*Data extract*.
---*---
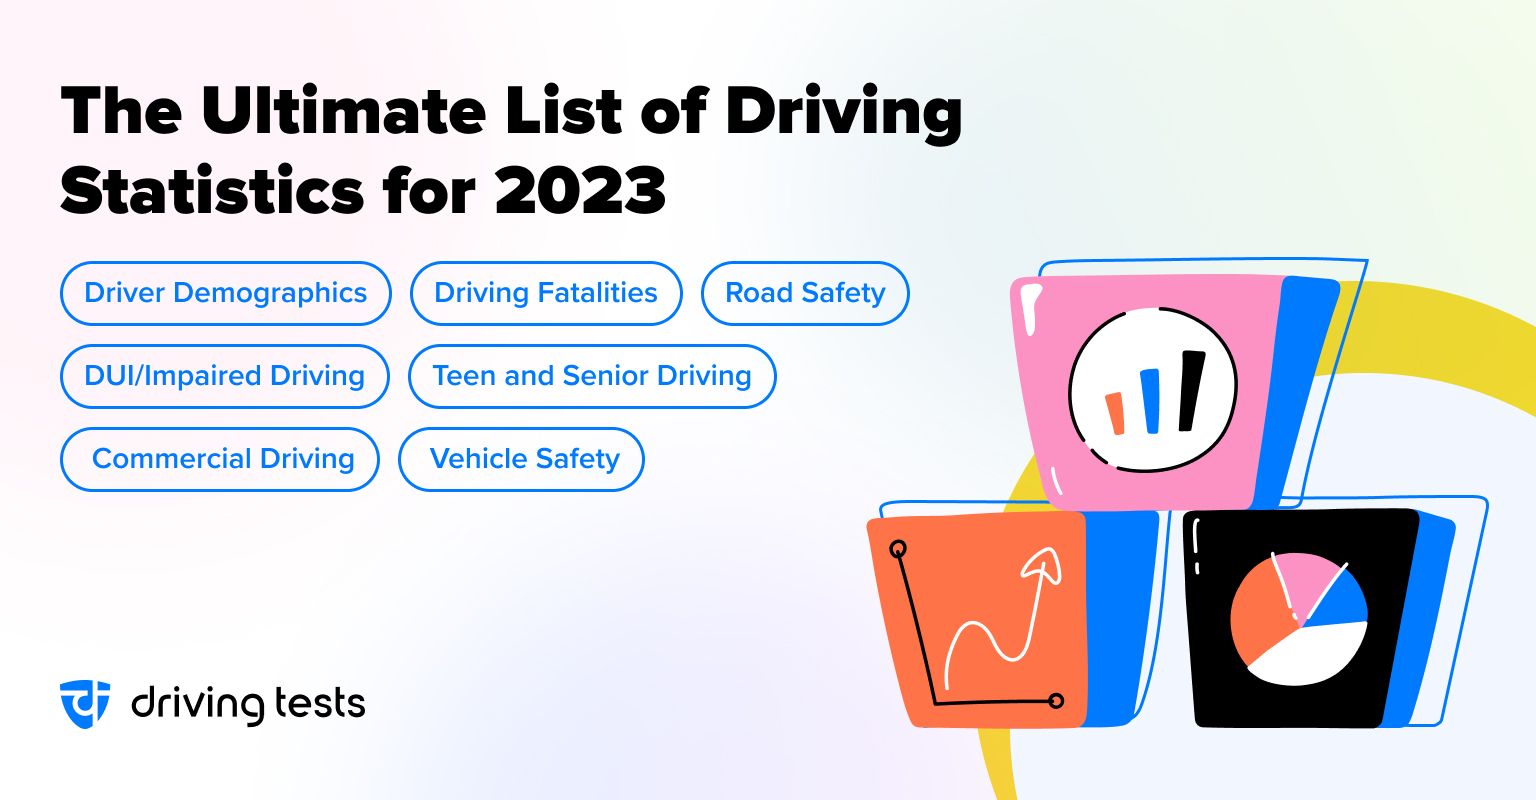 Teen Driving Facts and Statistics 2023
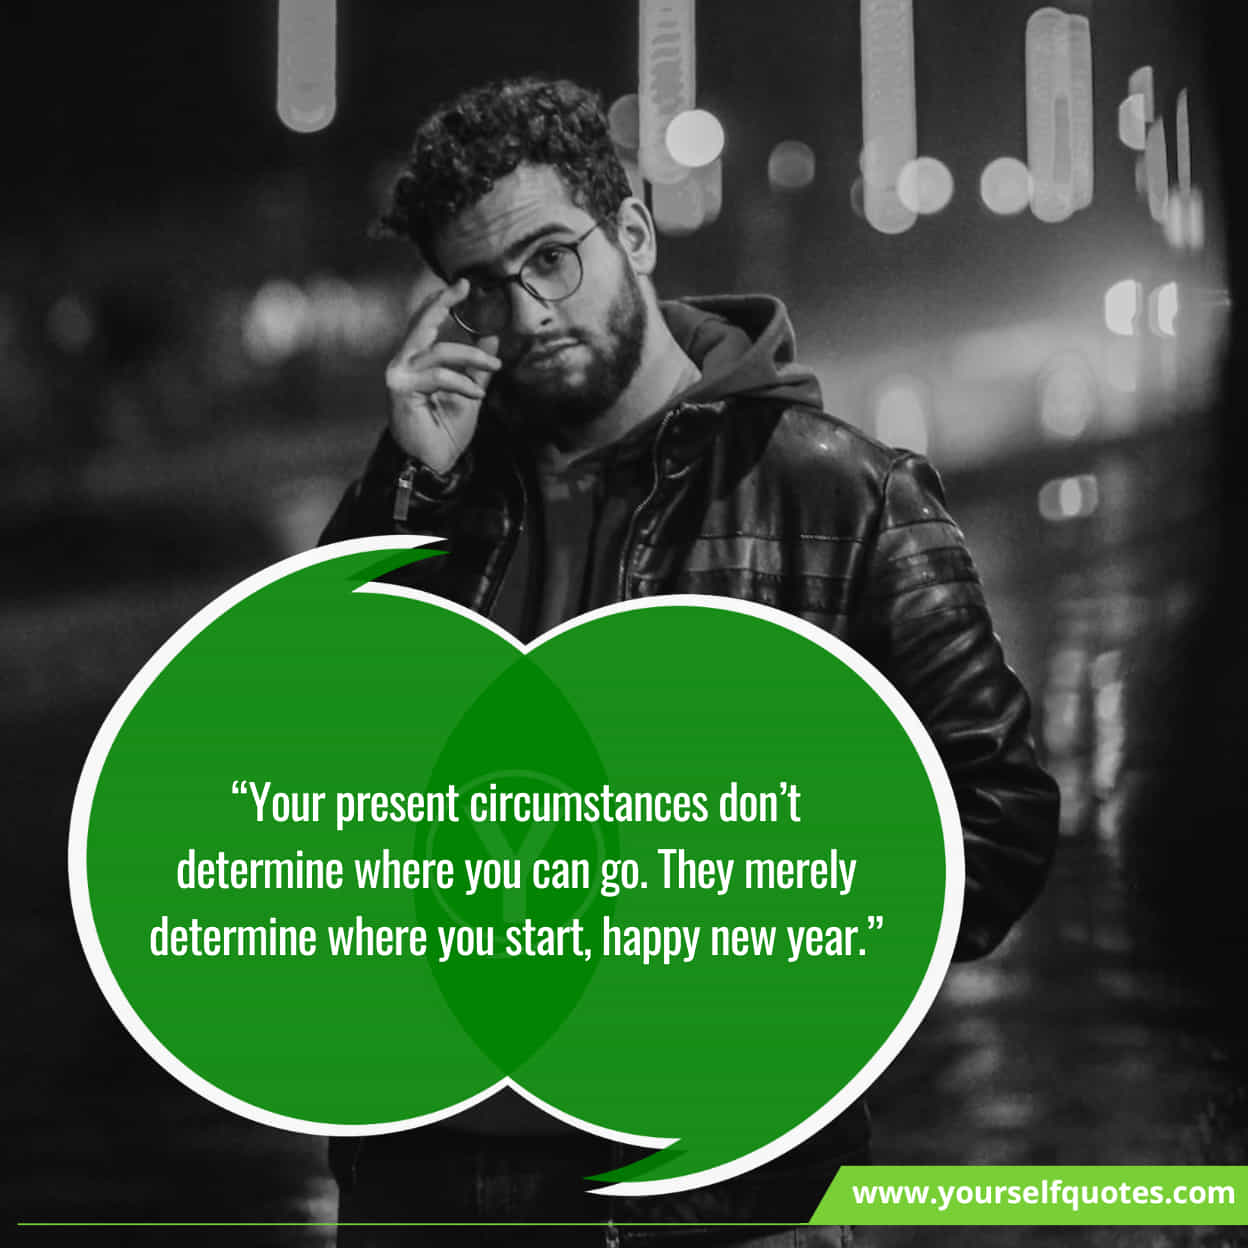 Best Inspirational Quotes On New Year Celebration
---*---
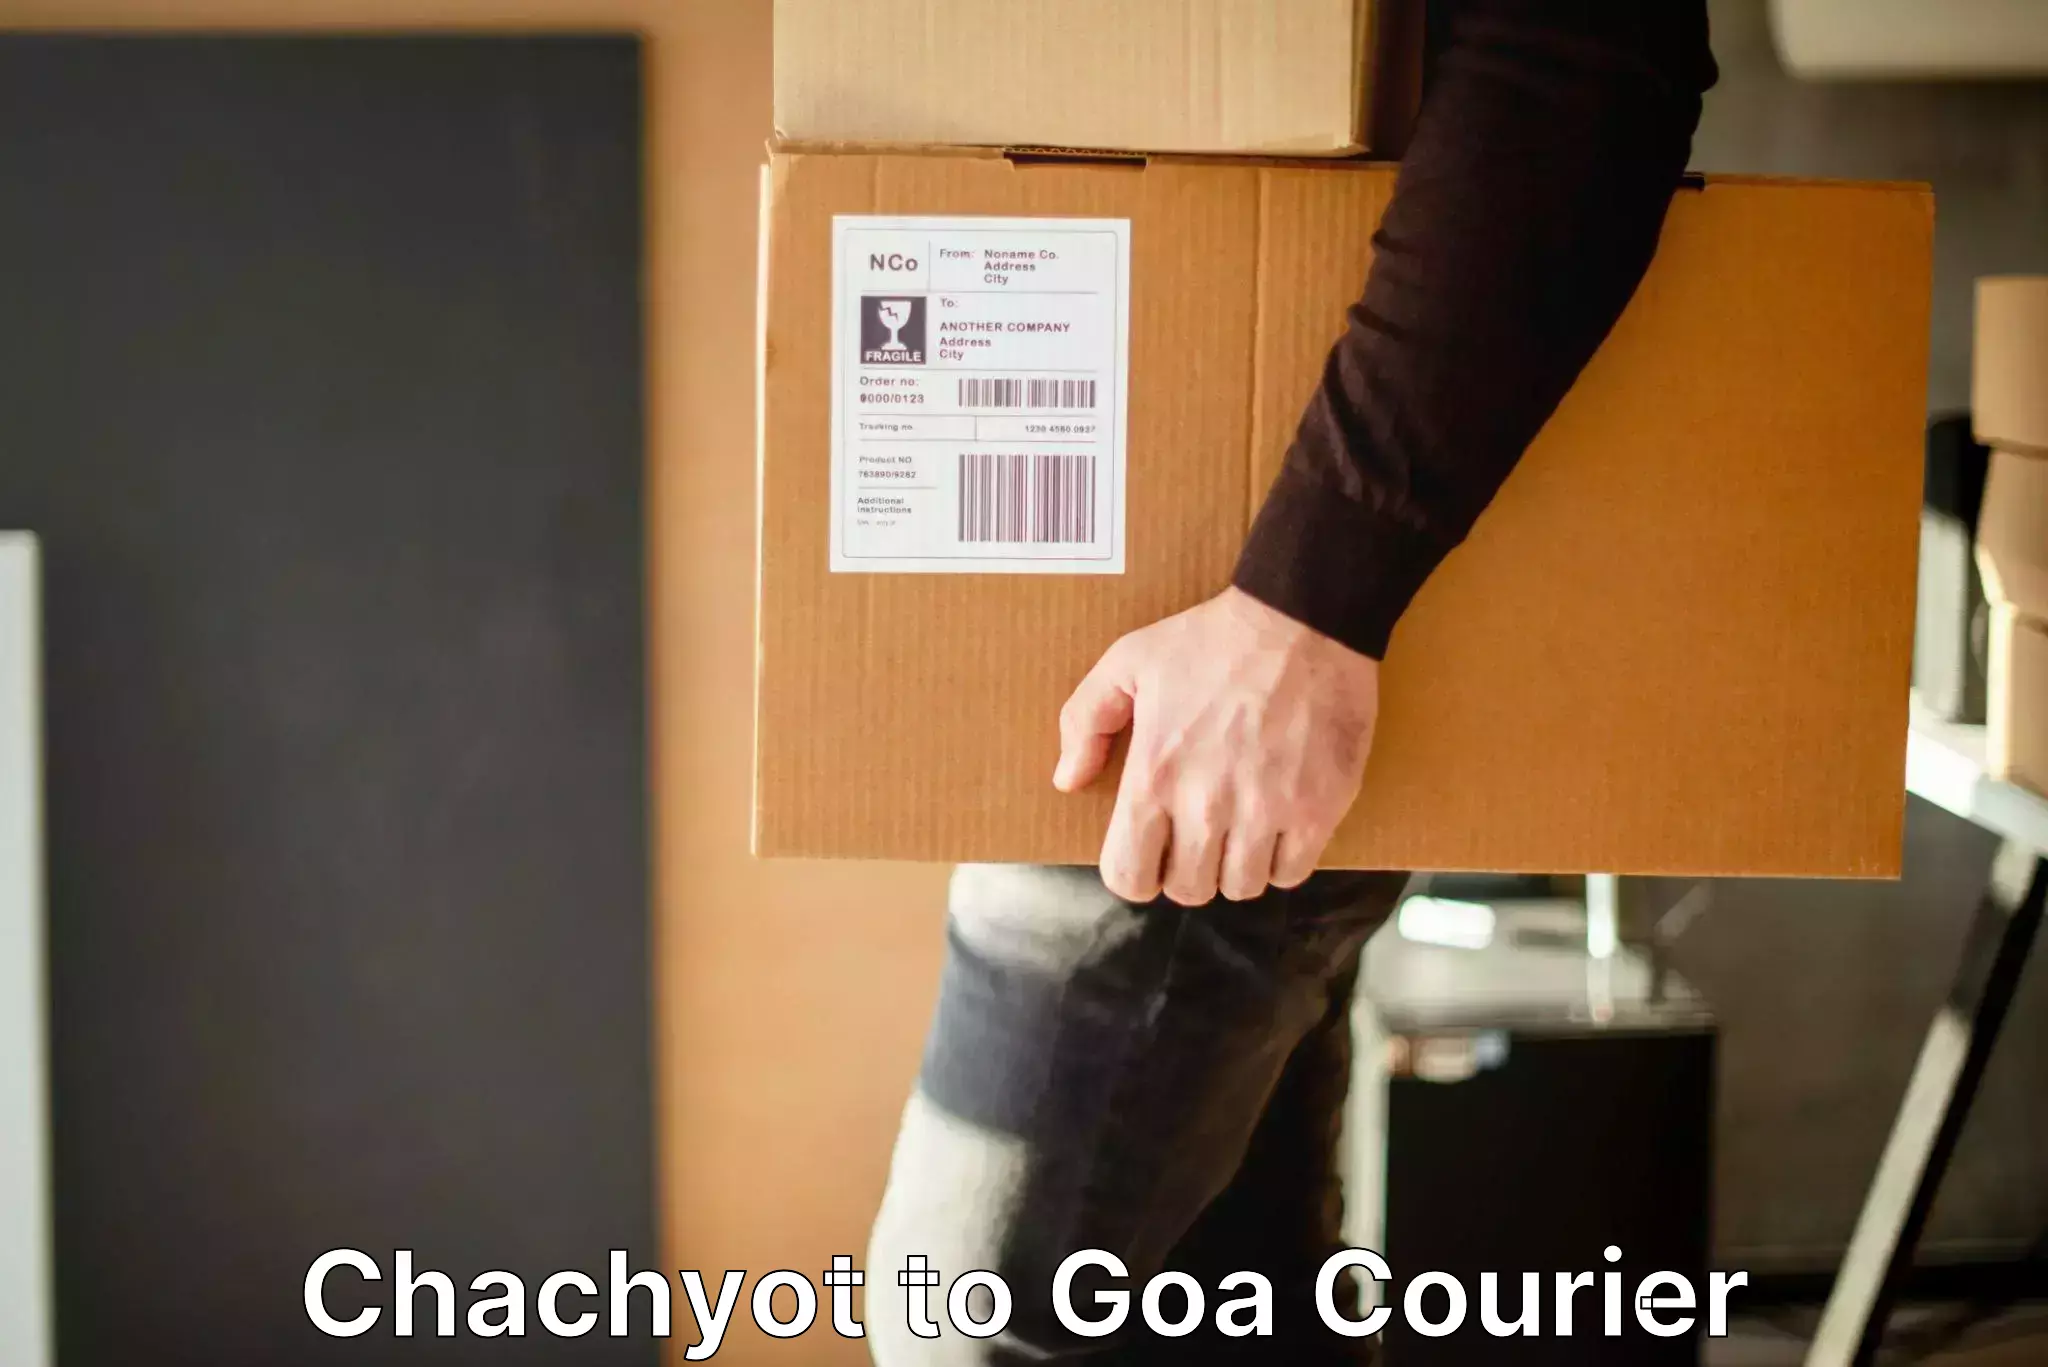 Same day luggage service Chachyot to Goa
---*---
*Task description*. Above are the records; restate exactly the lines from the one containing "Teen Driving Facts and Statistics 2023" through the one containing "Best Inspirational Quotes", keeping pictures out.

*Solution to the problem*.
 Teen Driving Facts and Statistics 2023
 Best Inspirational Quotes On New Year Celebration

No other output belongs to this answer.